Book: What Video Games Have To Teach Us About Learning And Literacy

What Videogames Have To Teach Us About Learning And Literacy
James Paul Gee [2003]

Get the book on Amazon.com.
ISBN: 1-4039-6538-2



In this book, Gee explains how games can affect people and more importantly, how can they learn a great amount of stuff just by playing. Gee created a list of 36 learning principles and a thorough explanation of the cognitive processes involved in each of them, with research facts and personal experiences.

In one of the chapters of the book, Gee accurately explains how, if a game is well done, the gamer can have a special connection with his avatar representation. He uses the game Arcanum as an example. Gee says that in this game, he created a special connection with his female elf avatar so deep that that he transmitted his morals and values into his character to the point that he sometimes felt bad if things didn't turn well, feeling that he had 'let down' the character in the videogame.

This happened because there are three identities that work together when someone plays a game like this:
  • A virtual identity (one's identity as a virtual character in the game's world).
  • A real world identity (the non-virtual person playing the game).
  • A projective identity (the projection of one's values and desires into the virtual character).

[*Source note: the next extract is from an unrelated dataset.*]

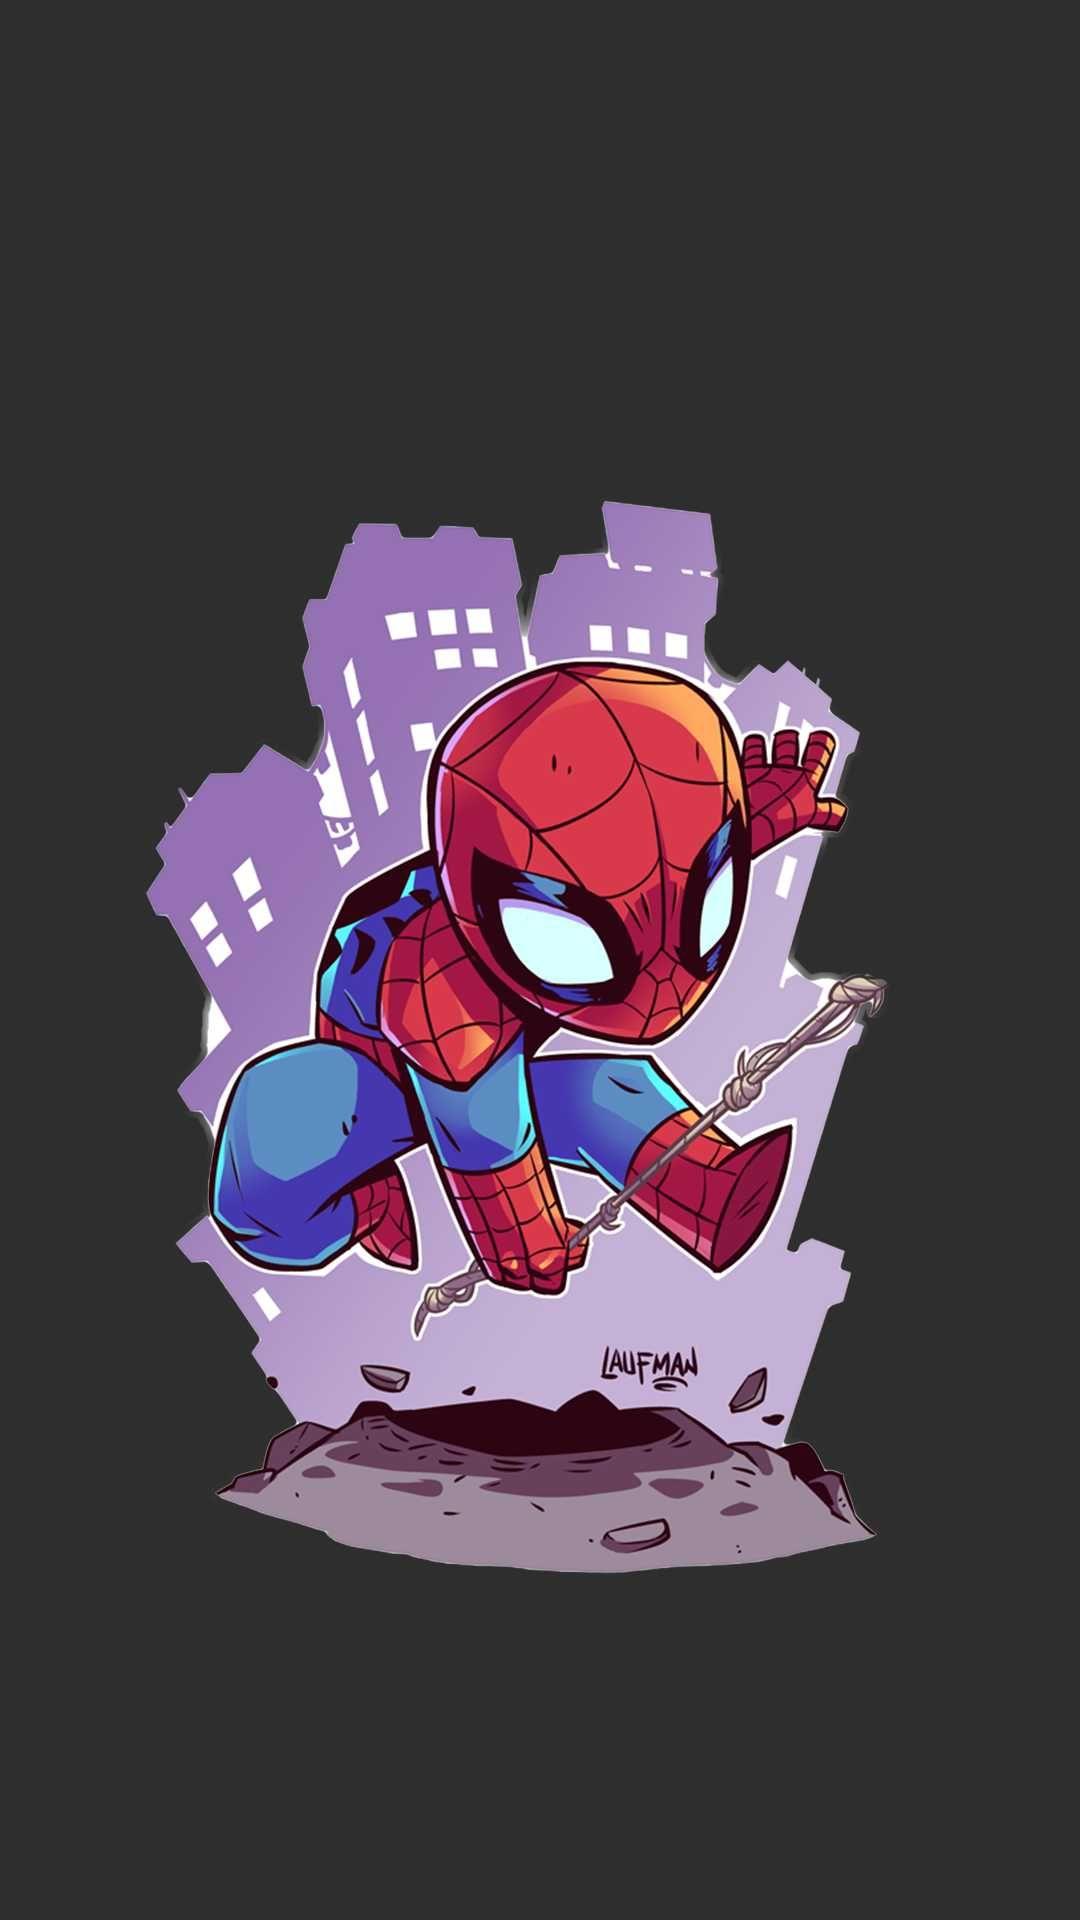 Spiderman Animated Art iPhone Wallpaper. Superhero wallpaper, Deadpool wallpaper, Marvel wallpaper

These identities interact with each other thorught the game and as an example, he says that at any point, any of them can fail:

The virtual character can fail to defeat an enemy because the character was not strong enough to beat it. The real world person can fail to use the game controls effectivly, causing the virtual character to lose a fight that, according to the game's rules, should have won. And the projective identity can fail when the real player causes the virtual player to do something in the game that the real player feels the virtual player shouldn't have done.

Gee explains that this relates to one of the learning principles in his list, the "Identity Principle". This principle says:
"Learning involves taking on and playing with identities in such a way that the learner has real choices and ample opportunity to meditate on the relationship between new identities and old ones."

[This post will be updated if I find more interesting stuff]

Gee, J. P. (2003). What Video Games Have To Teach Us About Learning And Literacy (1st ed.). New York, United States: Palgrave Macmillian.